La situazione a Bahmut è ormai oltre ogni possibilità di recupero, e forse anche di limitazione dei danni. Stamattina alle 8 i genieri ucraini hanno fatto saltare l’ultimo ponte sulla Bahmutka, il fiume che taglia la città in direzione nord-sud: è quindi probabile che in tutta l’area a est del fiume, su cui ho disegnato delle linee rosse orizzontali, non ci siano più soldati ucraini. Resta da chiarire se anche il resto della città verrà abbandonato o se si continuerà a resistere, utilizzando magari come ultima ridotta lo stabilimento metallurgico AZOM (che ho segnato sulla carta) in una sorta di replica dell’Azovstal a Mariupol. Già da qualche giorno le migliori unità dell’esercito ucraino sono state fatte ritirare, lasciando alle unità della difesa territoriale il compito di mantenere la linea. Le perdite sono altissime: foto e i filmati diffusi negli ultimi giorni mostrano un numero di caduti ucraini molto superiore alla media già ragguardevole delle scorse settimane. Un numero così alto di caduti senza che l’avversario abbia montato grandi operazioni offensive è tipico delle situazioni in cui i reparti hanno perso coesione, non hanno più collegamenti con le unità vicine e difettano di leadership: anche questo è tipico delle unità di difesa territoriale, che hanno un addestramento approssimativo ed evidentemente non sono in grado di reggere sul campo. Del resto il loro compito, come abbiamo già visto altre volte in questo conflitto, è dare il tempo alle unità professionali di lasciare il terreno per rimettersi in sesto e organizzare una difesa in profondità, cosa ormai drammaticamente necessaria. La cosa è stata notata anche da Prigožin, che stamattina è tornato in video con un appello rivolto direttamente a Zelensky, chiamato per nome e patronimico, nel quale gli contesta che fino a qualche giorno fa i suoi soldati combattevano contro l’esercito professionale ucraino ma adesso ci sono solo vecchi e ragazzini: nel video compaiono infatti tre prigionieri, uno parecchio anziano e due giovanissimi, tutti e tre molto lontani dall’idea classica del soldato (soprattutto se paragonati ai marcantoni della Wagner che stanno alle sue spalle). Combattono anche loro, ha detto Prigožin, ma la loro prospettiva di vita è un giorno o due al massimo. In considerazione di ciò gli chiede di farli ritirare, appello condiviso dai tre prigionieri.
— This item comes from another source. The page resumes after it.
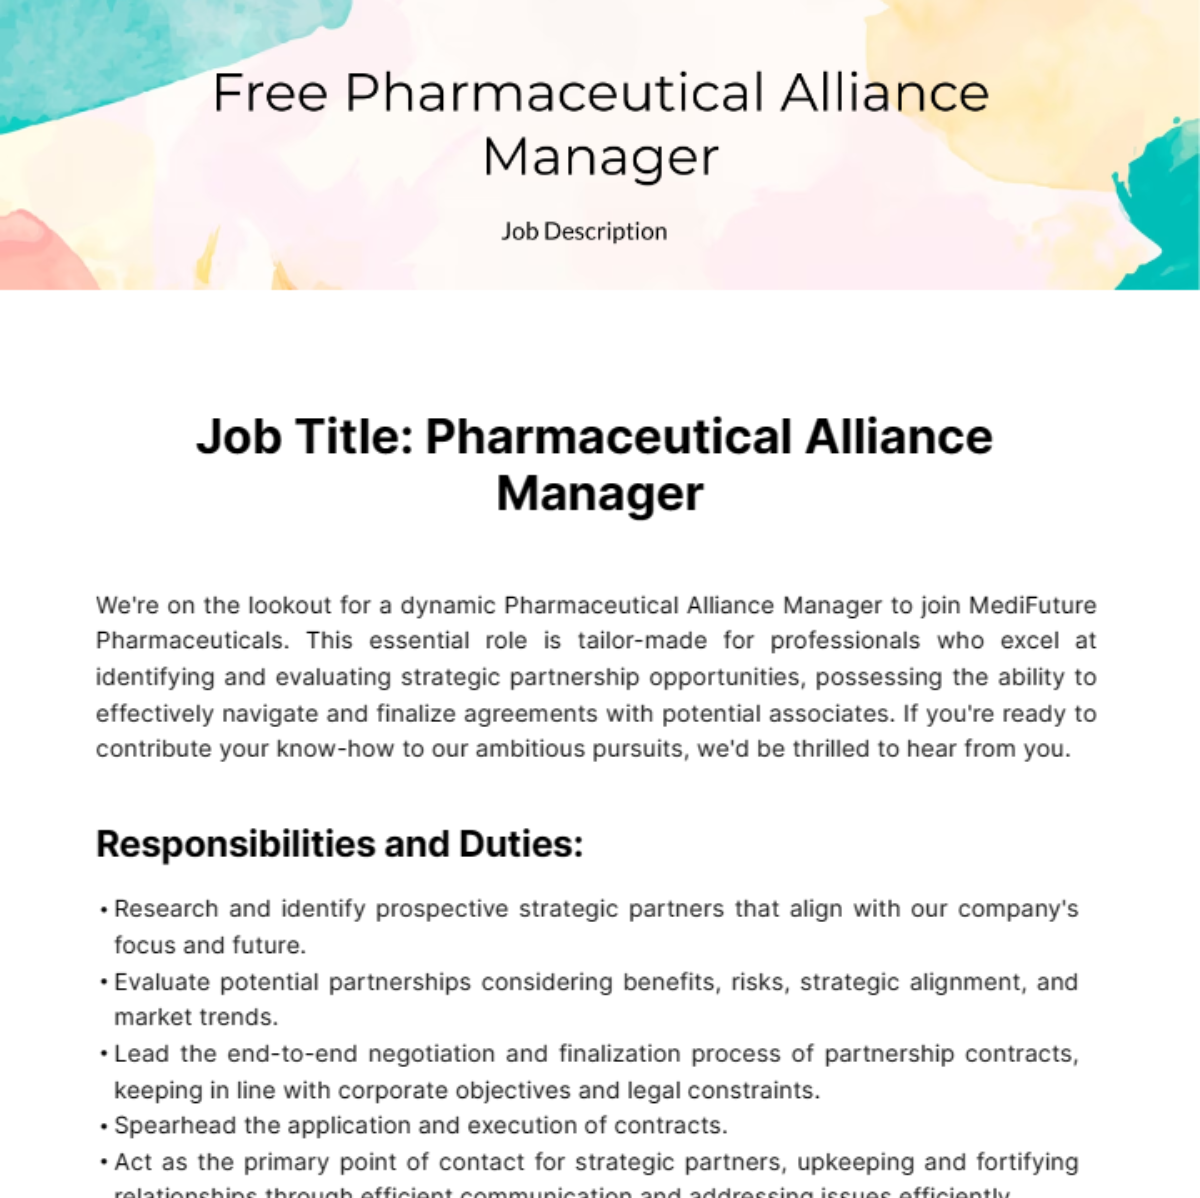 Free Pharmaceutical Alliance Manager Job Description Template

Che ci sia bisogno di mettere in piedi un’altra linea di difesa (da cui lo sganciamento delle unità ucraine più professionali) è piuttosto evidente.

Come si vede dalla cartina ormai il fronte si è spostato in direzione di Orihovo-Vasylivka, Bohdanivka e Khromove, mentre a sud si combatte ancora per Ivanivske e Stupočki. Khromove significa tagliare fisicamente l’unica strada che ancora consente ai reparti ucraini di ricevere qualche rifornimento e rinforzi, e di ritirarsi con un certo ordine, perché l’autostrada T0504 non è più praticabile da tempo, sebbene le truppe russe non l’abbiano ancora fisicamente oltrepassata, e i campi attorno alla città si stanno sgelando con tutte le difficoltà pratiche che questo comporta. Quando questa cosa succederà sarà la volta di Časiv Jar a trovarsi in una tenaglia, da sud e da nord quando Bohdanivka finirà anch’essa in mano ai russi, e la stessa storia ricomincerà qualche chilometro più a ovest.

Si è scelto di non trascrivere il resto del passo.